直ぐにでも切って捨ててやろうか……そう受け取れる程の威圧感に、陳宮が劉表の隣でゴクリと喉を鳴らした。されども、グッと身体に腹に力を込めて、押されないように口を開いた。
「く、口を挟む非礼をお許しください! 申し開きも無いのです曹操殿……ですが! 我が主は病床に臥せっていた身、漸く身体を動かせるようになったのも先日故、政事に関与出来なかった為に全ての責は劉gにあるのです!」
必死の懇願とも取れる声は華琳の耳を抜ける。続けろ、と命じるかのように小さく鼻を鳴らし、瞳を冷たく凍らせた。

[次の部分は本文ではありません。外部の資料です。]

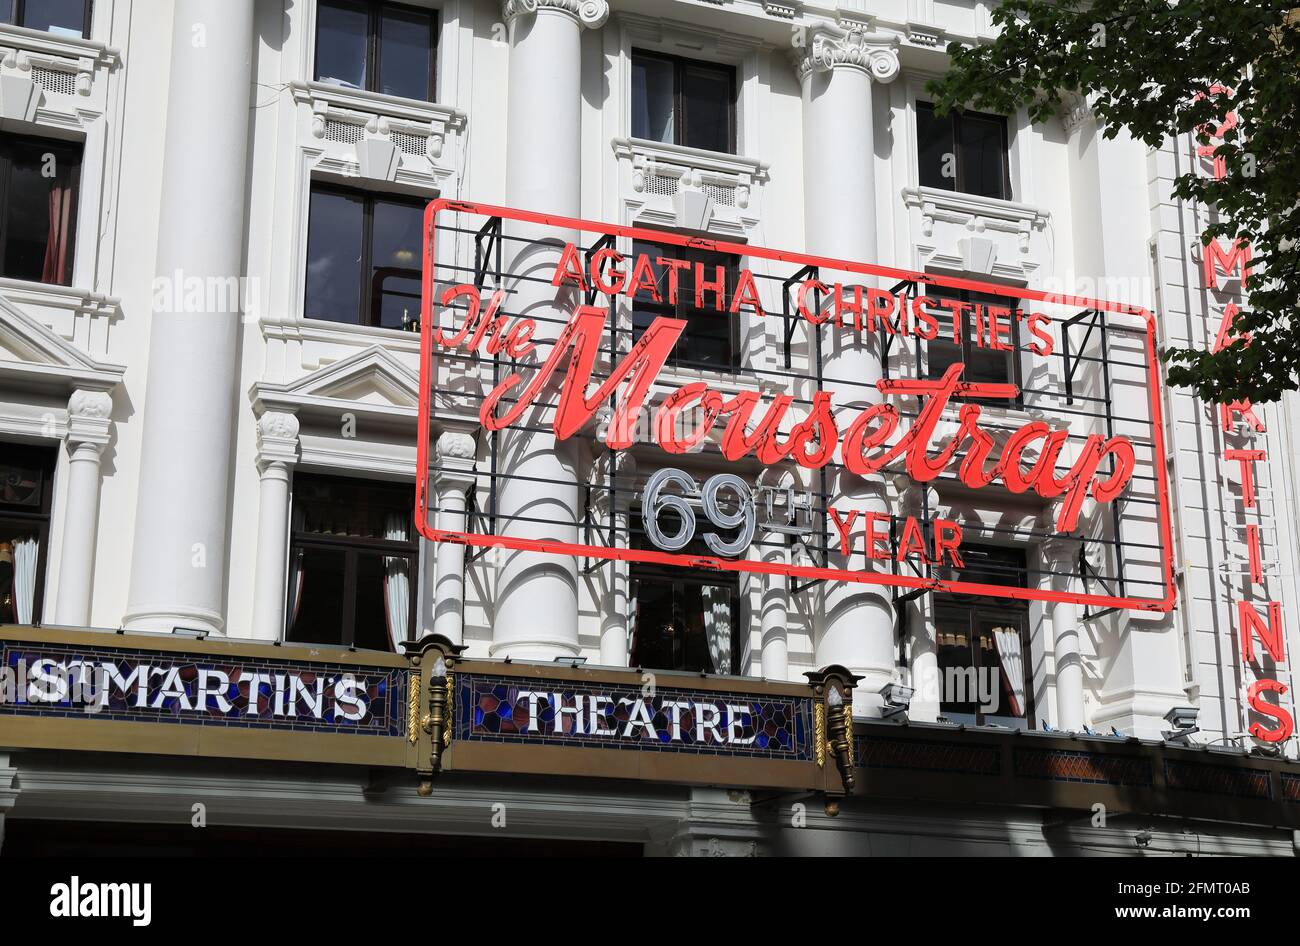 Agatha Christie's The Mousetrap, au St Martin's Theatre, le plus long spectacle au monde, il est maintenant en 69e année, qui rouvrira le 17 mai, Londres, Royaume-Uni Banque D'Images

「言うな、ねね。それなら教育出来なかったオレに責がある」
「違うのですぞ! ねねが再三注意したにも関わらず、裏切り者の言を優先し、あまつさえ劉の名を貶めるような行い――――袁家に与するなど……教育以前の問題なのです!
彼の連合での昇進から味を占めて漢の平穏を乱す袁家とは違い、曹操殿は“悪辣なる逆臣董卓”から帝を御救いになり、同じく劉の血筋である劉玄徳殿をも助けたというのに!」
茶番を……と華琳が思ったと同時に、何かを握りしめる音が聞こえた。視線を向けると霞の両の拳が震えていた。瞳に色濃く表れるのは怒り……では無く悲壮。
仲の良かったはずの主を、陳宮は政治的立場上の理由で貶めた。華雄がそういった挑発に乗って死んだ事を知っているはずなのに、自らを嫌悪していた敵と同じに堕としてまで、今の主の利を優先していた。
ああ……と霞は心で慟哭を上げる。聡い霞が分からぬはずも無い。
陳宮の怨嗟はそれほどまでに深く、優しかったはずの彼女を変えてしまったのだと。自分をも傷つける諸刃の剣の如き鋭さを持たせるほど、歪めてしまったのだと。
陳宮が来る、と華琳から聞いていた。どのような事態となっても、何が起こっても口を出しも動きもするなと堅く言いつけられていた。
だから霞は……陳宮から発された言葉にも目を向けず、劉表のみを見据えて震えるだけに留めていた。
先の交渉の責で愛紗に激発した彼女は、もう二度と失態を侵すまいと自身を律する術を高めていた為に。月と詠に出会い、ねねと恋の事に予測を立てられたのも、理由の一つ。
――霞……見事よ。
霞への感情は一筋さえ表に出さず、華琳は心の内で褒めた。
月が生きている事はバレてはいけない。此処で欠片でも気付かせてはならない。民の風評は董卓憎しで埋まり、連合側に有利なように誘導されているのだから。